2. Tudor Heritage Black Bay 36

This is a brand with proud historical ties to Rolex, but it developed a unique personality of its own among military and diving circles throughout the late 1950s and early 1960s.

This year Tudor released the heritage range, all featuring the classic ‘Snowflake’ hour hands.  The Black Bay Bronze and Black Bay Dark are each appealing in their own way, but what caught my eye was the Black Bay 36. The name refers to the 36mm case which is perfect for finer wrists, and the watch wears particularly well.

3. Tag Heuer Monza Chronograph

 It seems that going back to the vintage design roots is a popular theme this year. Tag Heuer have re-invented their 1976 classic, the Monza, but this time they’ve used grade-5 titanium for the case instead of steel.

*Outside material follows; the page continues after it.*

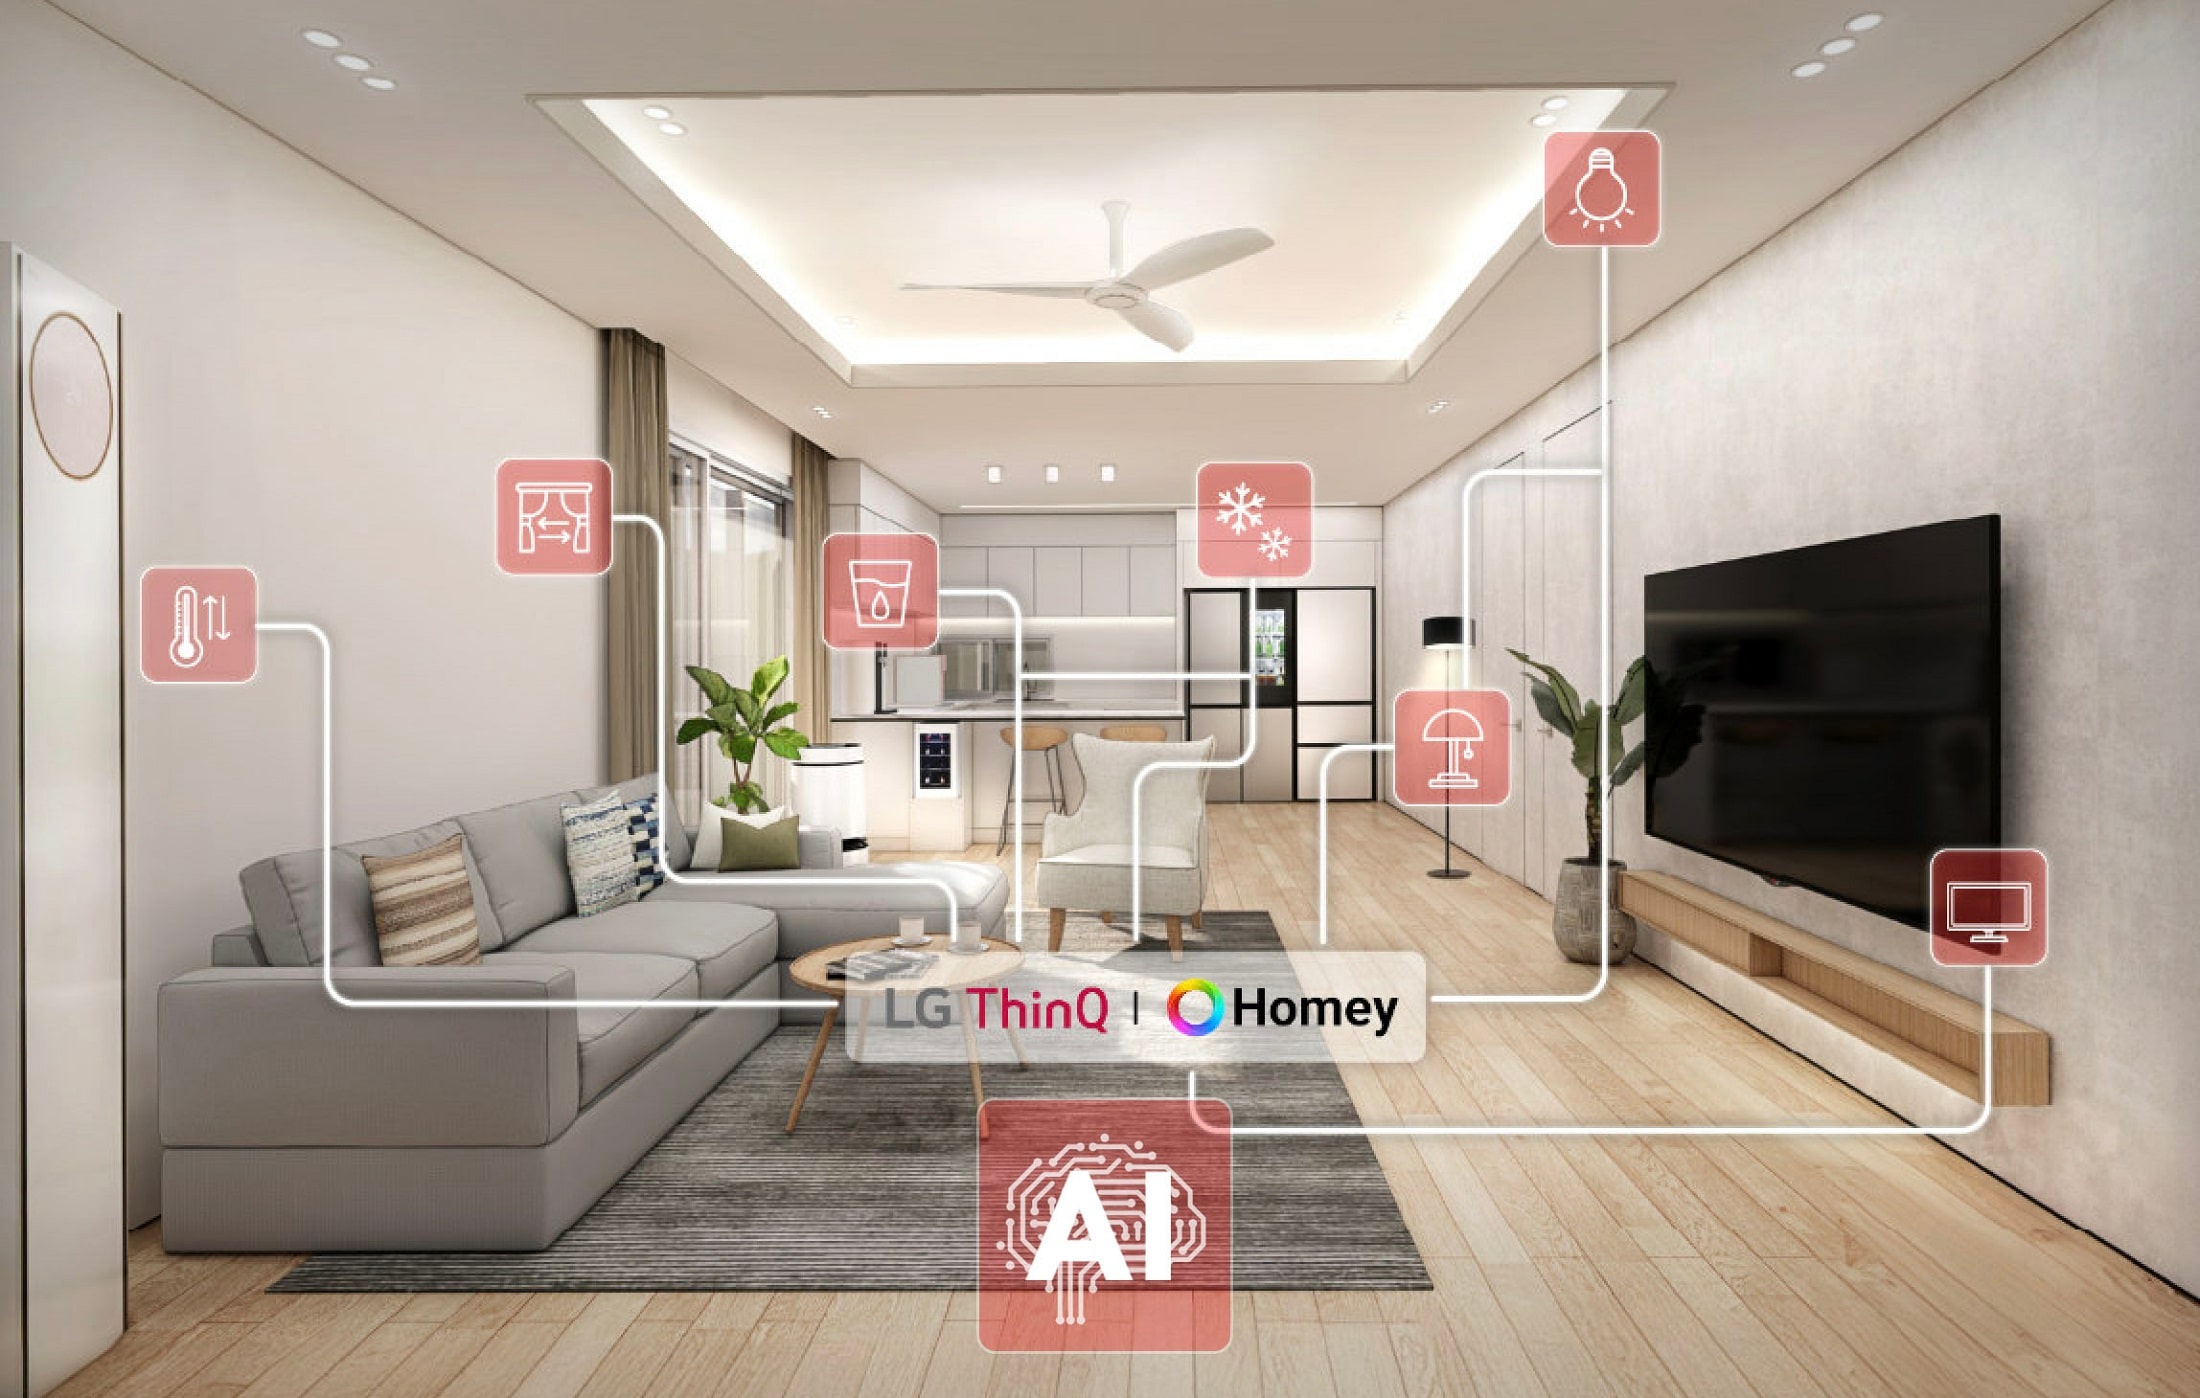 A living room with the connections available with AI connections

Now light as a feather, this racing classic is as attractive as it was 40 years ago. Perhaps even more so – I’m still undecided.
Black and white lacquered hour and minute hands and indices in vintage orange SuperLuminova offset the matt black dial to perfection.
The 42mm case with naked steel pushers and the calf-skin strap complete all the aesthetic lines, true to the vintage in many ways, but updated to today’s exacting standards.

 4. Omega Speedmaster CK 2998

The perennial classic ‘Moonwatch’ returns this year with a visual twist. The new Speedmaster retains the ever-faithful Calibre 1861 movement, one of Omega’s best, but this year’s new release is in striking blue.
I love the return of the instantly recognizable “lollipop” chronograph hand, and the tiny touches of style like the Seahorse medallion embossed on the screw-in case back, along with the number for this release which is limited to  2,998.

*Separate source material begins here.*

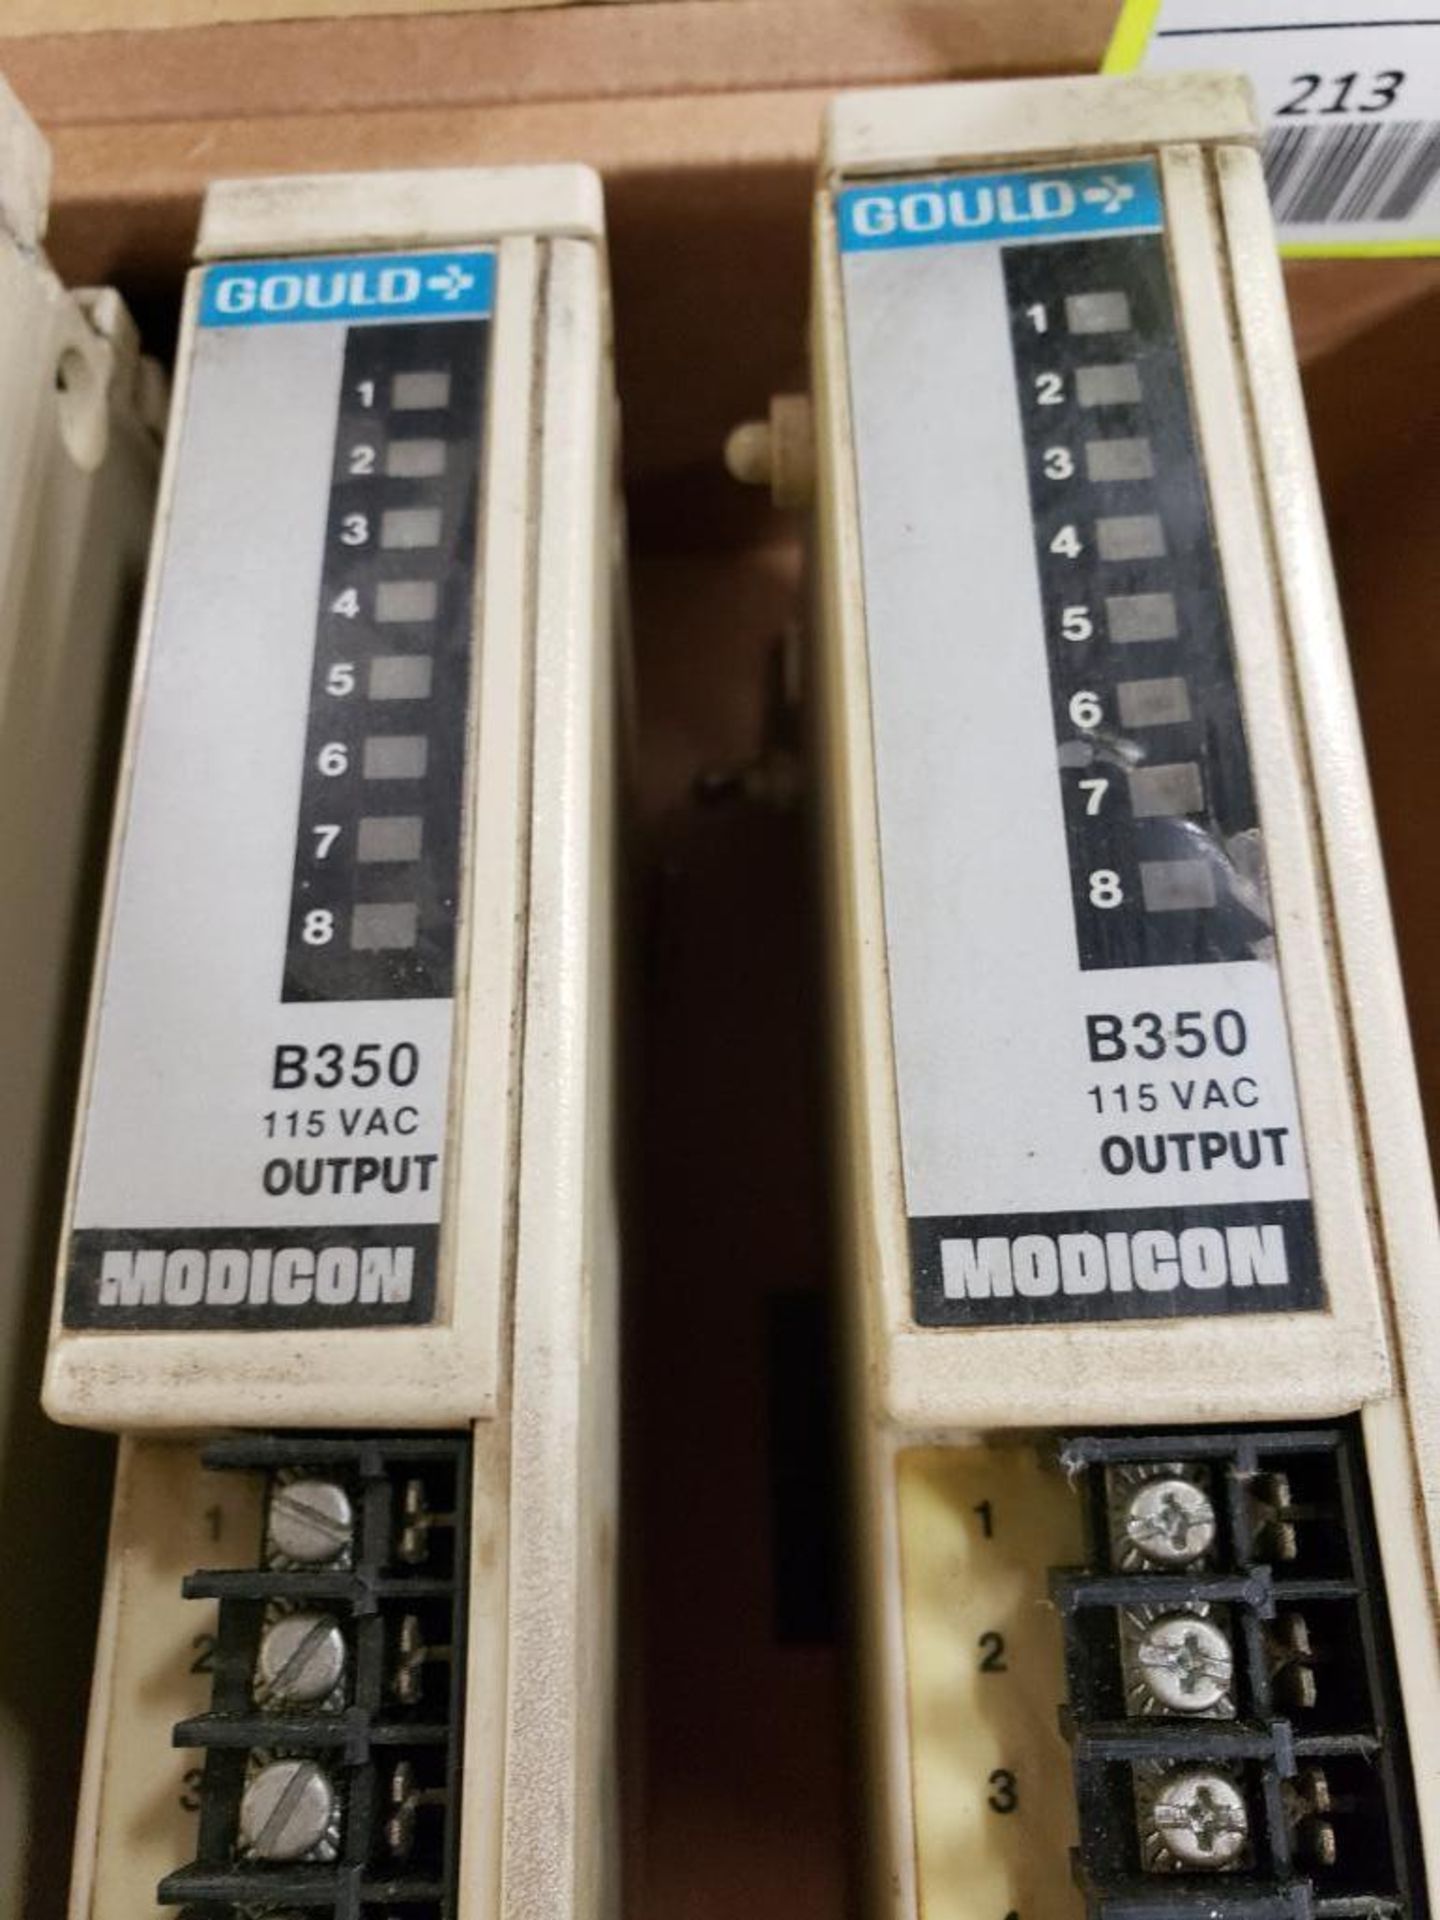 Qty 4 - Gould Modicon model B350 input. - Image 2 of 2

5. Patek Philippe World Time Chrono 5930G

As usual Patek Philippe has released a watch that is hard to compete with this year. Their latest offering, the World Time Chrono combines the Genevan manufacture's imposing World Time mechanism with a self-winding chronograph movement. It’s a feat of micro-engineering that hasn’t been seen in watchmaking since the 1940’s.
The striking blue dial is manually guilloched, and surrounded by white gold.  It has a moving ‘city disk’ with each place name representing one of the 24 international time zones, plus a moving 24-hour ring on which the time is indicated.
The dial is a busy place, with lots of movement, but all harmonized to perfection in Patek Philippe’s consummate style, as always.

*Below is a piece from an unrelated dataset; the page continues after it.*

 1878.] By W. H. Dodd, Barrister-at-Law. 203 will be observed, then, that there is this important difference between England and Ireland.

Among the many new developments in horology, these five are at the very top of my list. There’s one more important item to add, however, even if it is as an afterthought. Rolex has just announced the limited release of the new Platinum Day Date featuring Arabic Hindi numerals and an Arabic calendar. It’s intended exclusively for the Middle Eastern Market.
Like the steel Daytona, you can expect a lengthy waiting list. I expect them to be in high demand, judging by the popularity of previous GCC dial Rolexes from the 1950’s which are extremely rare. Those watches have become highly collectible over time, and probably some of the most sought-after watches in the entire Middle East, with prices steadily climbing. As an investment, they’re definitely worth mentioning in any list of important watches.